• YOUR ASSIGNMENT
Starting at the top of the data and ending with the line that holds "Hidden Trails Holiday Logos", transcribe each line exactly; include both ends.

***** THE DATA *****

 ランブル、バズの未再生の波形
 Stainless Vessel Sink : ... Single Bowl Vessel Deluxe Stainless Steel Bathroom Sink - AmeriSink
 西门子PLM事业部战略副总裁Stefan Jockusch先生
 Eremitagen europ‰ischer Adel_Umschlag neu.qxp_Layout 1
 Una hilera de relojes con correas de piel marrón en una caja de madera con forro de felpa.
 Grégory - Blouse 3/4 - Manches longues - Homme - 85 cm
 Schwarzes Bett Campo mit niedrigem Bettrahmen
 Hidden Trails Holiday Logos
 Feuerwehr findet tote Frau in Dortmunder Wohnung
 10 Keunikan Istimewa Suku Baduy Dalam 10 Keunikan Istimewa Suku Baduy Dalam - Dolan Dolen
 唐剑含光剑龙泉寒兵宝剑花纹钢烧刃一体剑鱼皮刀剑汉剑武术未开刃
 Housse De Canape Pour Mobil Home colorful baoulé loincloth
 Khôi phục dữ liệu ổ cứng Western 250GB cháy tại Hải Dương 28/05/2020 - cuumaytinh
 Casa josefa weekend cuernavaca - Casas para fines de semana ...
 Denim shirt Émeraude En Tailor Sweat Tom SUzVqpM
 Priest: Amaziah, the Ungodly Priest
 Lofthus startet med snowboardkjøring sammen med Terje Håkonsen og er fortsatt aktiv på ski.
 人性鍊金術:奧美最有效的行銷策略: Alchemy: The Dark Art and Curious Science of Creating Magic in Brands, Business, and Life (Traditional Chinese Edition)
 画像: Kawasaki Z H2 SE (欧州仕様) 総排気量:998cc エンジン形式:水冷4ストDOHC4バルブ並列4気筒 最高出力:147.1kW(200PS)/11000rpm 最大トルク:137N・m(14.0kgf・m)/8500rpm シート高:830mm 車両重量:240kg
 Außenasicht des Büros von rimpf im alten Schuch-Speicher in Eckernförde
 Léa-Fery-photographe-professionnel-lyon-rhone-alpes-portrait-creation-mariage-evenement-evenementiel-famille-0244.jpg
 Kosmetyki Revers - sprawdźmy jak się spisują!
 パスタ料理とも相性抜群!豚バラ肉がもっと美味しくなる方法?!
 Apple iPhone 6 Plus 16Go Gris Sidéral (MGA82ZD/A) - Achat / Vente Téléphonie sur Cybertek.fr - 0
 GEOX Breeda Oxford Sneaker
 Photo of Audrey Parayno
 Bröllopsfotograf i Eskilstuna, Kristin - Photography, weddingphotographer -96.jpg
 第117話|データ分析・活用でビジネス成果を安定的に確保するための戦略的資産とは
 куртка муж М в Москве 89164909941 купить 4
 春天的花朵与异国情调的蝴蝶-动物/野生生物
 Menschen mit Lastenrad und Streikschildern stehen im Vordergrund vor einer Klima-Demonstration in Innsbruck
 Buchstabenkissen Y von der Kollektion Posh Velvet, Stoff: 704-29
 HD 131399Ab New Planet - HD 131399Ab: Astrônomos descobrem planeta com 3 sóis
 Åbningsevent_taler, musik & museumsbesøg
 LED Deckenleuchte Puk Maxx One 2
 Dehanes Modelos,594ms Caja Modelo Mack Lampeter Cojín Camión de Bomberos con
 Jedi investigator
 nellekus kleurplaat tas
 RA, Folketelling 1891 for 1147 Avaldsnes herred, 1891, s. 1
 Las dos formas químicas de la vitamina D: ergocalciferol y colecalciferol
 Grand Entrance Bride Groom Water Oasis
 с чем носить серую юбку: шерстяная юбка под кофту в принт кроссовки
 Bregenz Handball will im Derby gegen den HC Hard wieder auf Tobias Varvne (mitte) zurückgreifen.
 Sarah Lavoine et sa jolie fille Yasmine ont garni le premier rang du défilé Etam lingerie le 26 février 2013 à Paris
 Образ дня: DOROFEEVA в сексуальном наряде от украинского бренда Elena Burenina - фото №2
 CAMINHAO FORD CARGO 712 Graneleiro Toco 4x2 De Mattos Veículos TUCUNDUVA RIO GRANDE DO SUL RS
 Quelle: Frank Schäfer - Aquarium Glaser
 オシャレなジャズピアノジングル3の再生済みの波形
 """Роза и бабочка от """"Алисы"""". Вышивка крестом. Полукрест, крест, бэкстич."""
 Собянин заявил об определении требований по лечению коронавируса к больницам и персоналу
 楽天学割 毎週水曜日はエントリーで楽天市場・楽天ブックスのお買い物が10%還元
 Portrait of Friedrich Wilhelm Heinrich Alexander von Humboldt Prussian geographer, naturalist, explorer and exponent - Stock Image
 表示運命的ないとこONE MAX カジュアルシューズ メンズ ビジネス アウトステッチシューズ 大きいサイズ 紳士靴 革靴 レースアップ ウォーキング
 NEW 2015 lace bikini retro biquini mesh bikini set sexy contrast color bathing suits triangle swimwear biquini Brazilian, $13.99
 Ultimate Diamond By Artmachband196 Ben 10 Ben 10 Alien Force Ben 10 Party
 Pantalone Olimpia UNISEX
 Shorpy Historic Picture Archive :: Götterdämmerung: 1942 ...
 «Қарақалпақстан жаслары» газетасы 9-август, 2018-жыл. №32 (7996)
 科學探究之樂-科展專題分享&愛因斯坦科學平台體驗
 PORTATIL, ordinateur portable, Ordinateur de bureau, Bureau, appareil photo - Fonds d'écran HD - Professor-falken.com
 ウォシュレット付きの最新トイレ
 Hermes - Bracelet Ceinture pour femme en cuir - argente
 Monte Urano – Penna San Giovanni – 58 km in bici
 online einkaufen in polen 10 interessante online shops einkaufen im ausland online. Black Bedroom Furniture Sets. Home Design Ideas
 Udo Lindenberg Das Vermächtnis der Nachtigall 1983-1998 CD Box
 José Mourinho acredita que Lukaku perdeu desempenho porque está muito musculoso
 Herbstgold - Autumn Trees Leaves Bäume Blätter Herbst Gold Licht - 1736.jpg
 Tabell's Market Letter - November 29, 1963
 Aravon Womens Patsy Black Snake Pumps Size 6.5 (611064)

*****

• RESPONSE TO THIS EXERCISE
 ランブル、バズの未再生の波形
 Stainless Vessel Sink : ... Single Bowl Vessel Deluxe Stainless Steel Bathroom Sink - AmeriSink
 西门子PLM事业部战略副总裁Stefan Jockusch先生
 Eremitagen europ‰ischer Adel_Umschlag neu.qxp_Layout 1
 Una hilera de relojes con correas de piel marrón en una caja de madera con forro de felpa.
 Grégory - Blouse 3/4 - Manches longues - Homme - 85 cm
 Schwarzes Bett Campo mit niedrigem Bettrahmen
 Hidden Trails Holiday Logos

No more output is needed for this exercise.